▶ **Problem requirements**: An exact copy of the lines of the listing below between the "από την παρέλαση" line and the "Happy birthday harjog bhai brother bro" line, both included, is the whole answer; please omit the pictures.

▶ **Data excerpts**:
......

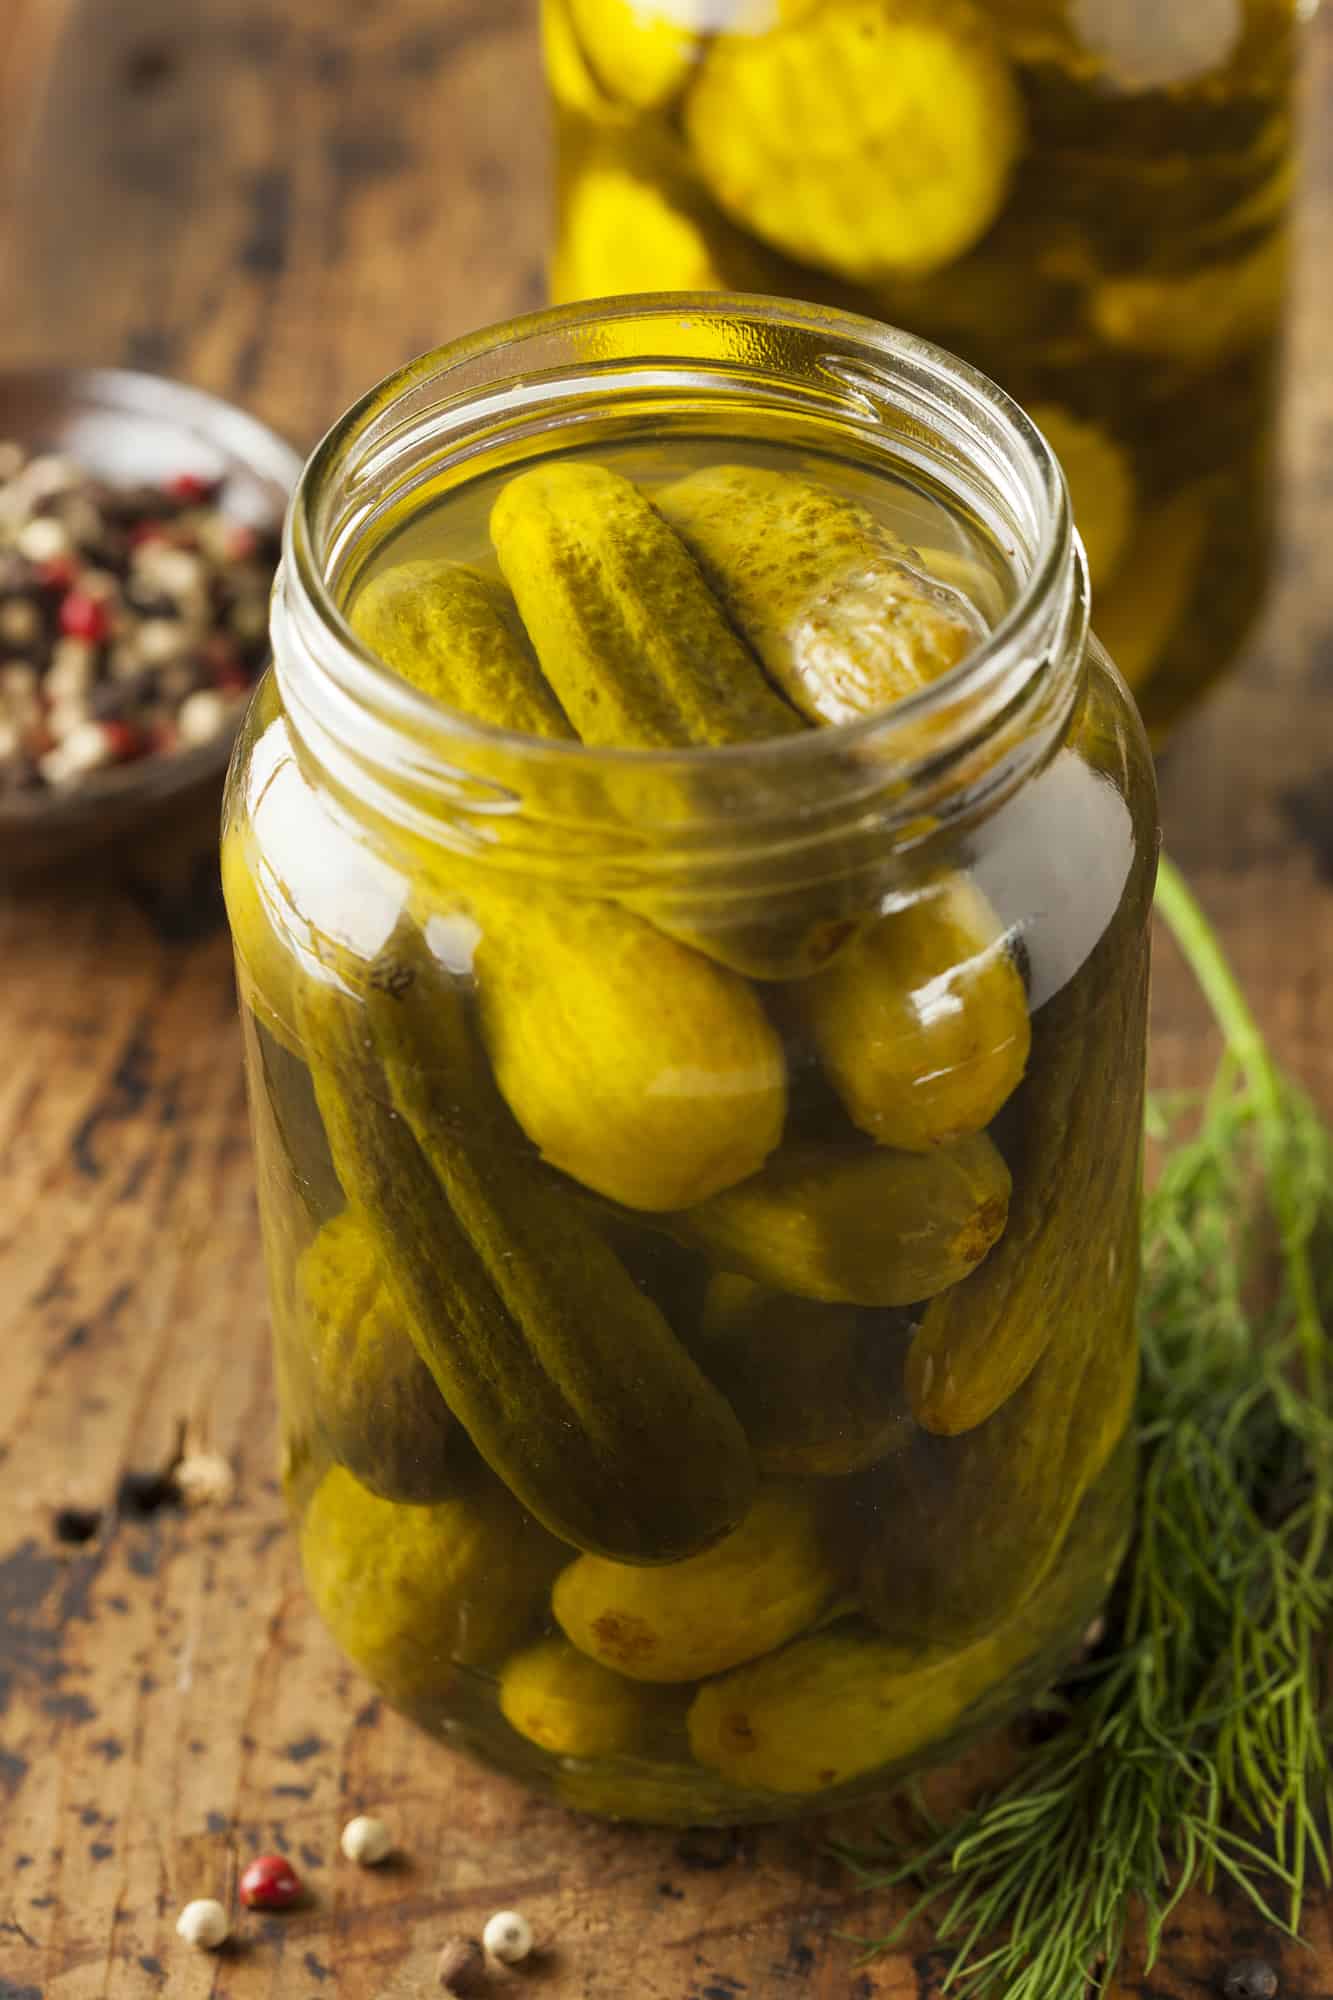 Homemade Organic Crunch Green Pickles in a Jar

......

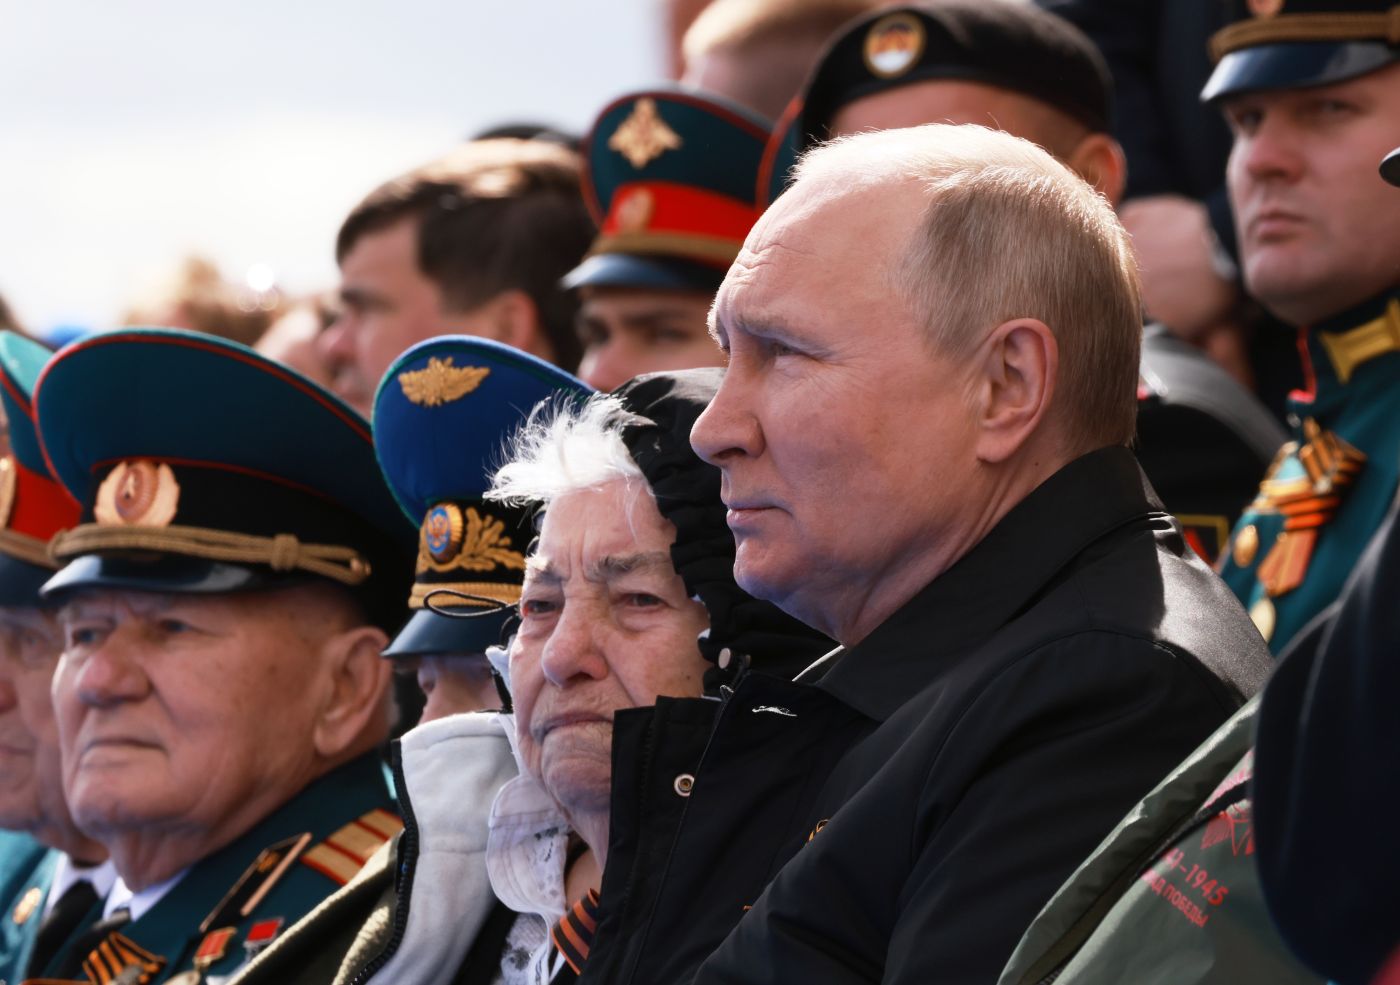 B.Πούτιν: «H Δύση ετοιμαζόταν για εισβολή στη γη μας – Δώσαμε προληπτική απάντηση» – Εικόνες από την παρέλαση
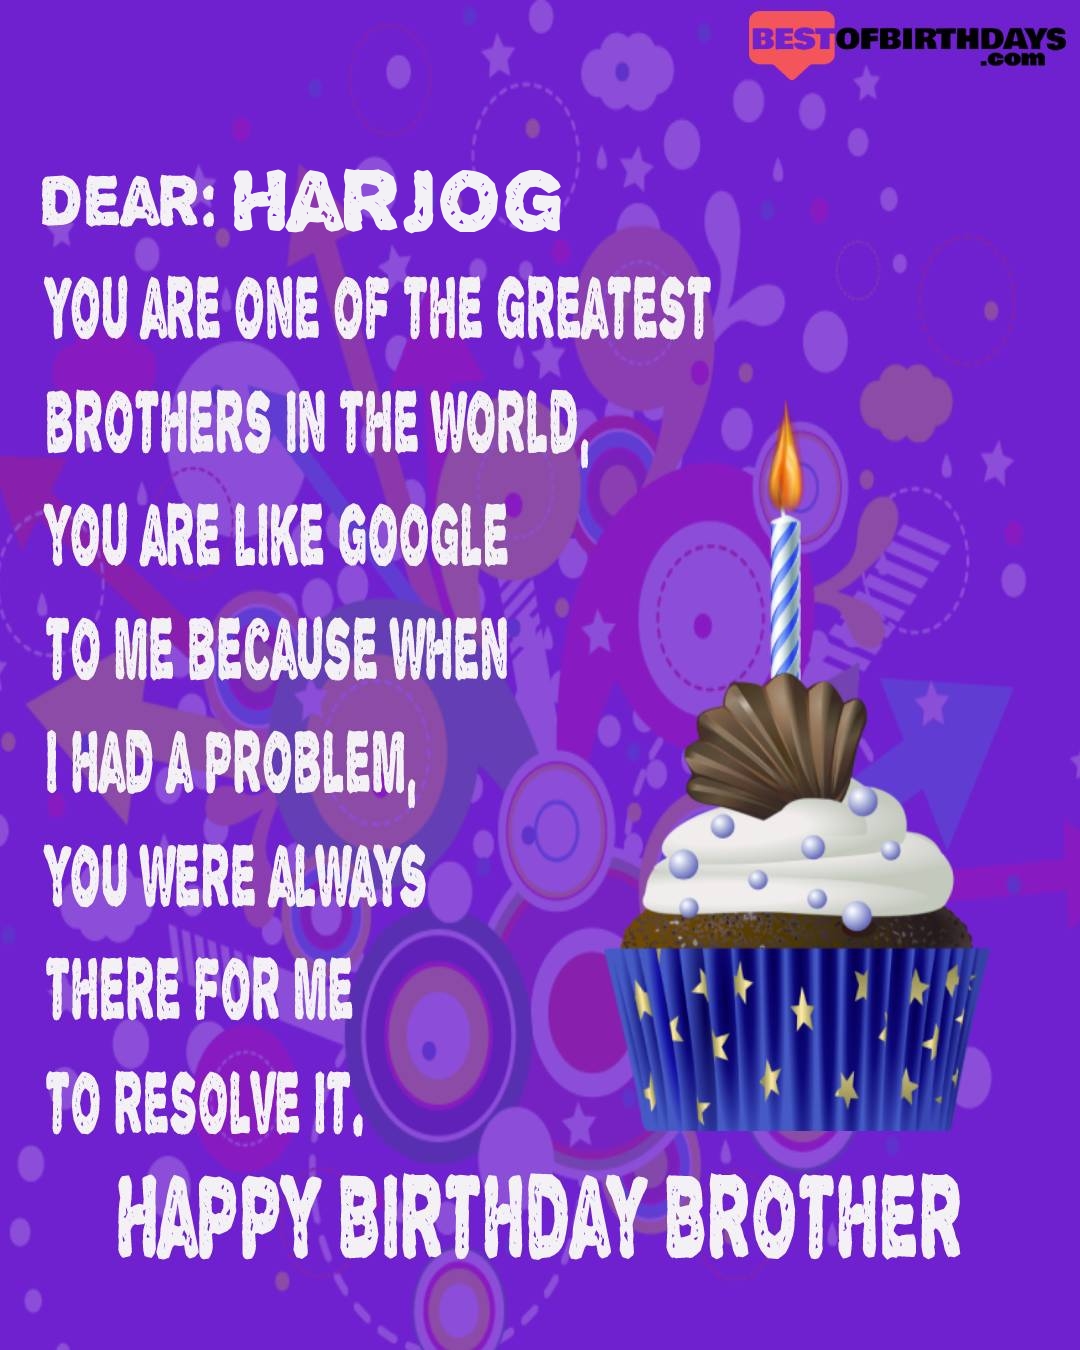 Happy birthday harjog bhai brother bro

......

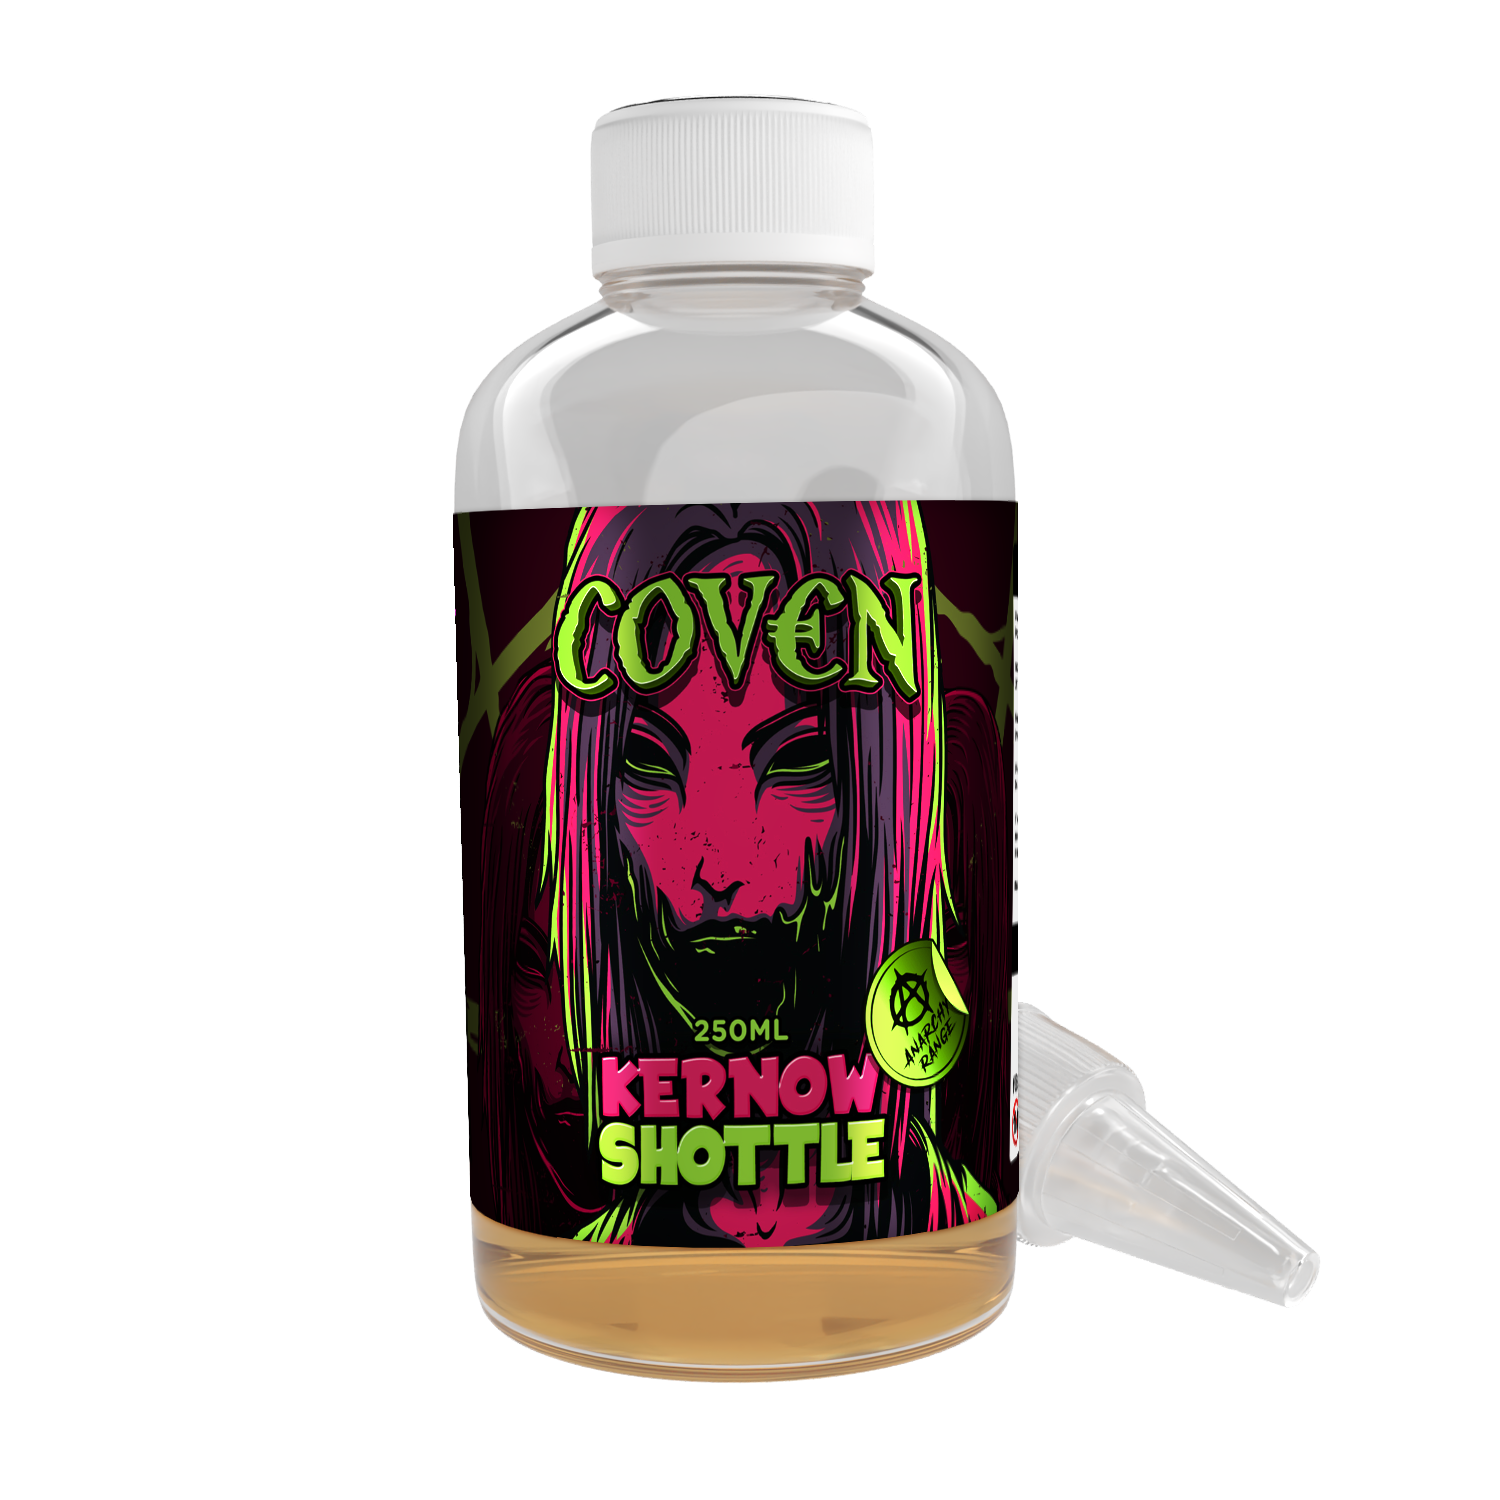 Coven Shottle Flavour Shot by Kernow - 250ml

......

▶ **Output for this task**:
 B.Πούτιν: «H Δύση ετοιμαζόταν για εισβολή στη γη μας – Δώσαμε προληπτική απάντηση» – Εικόνες από την παρέλαση
 Happy birthday harjog bhai brother bro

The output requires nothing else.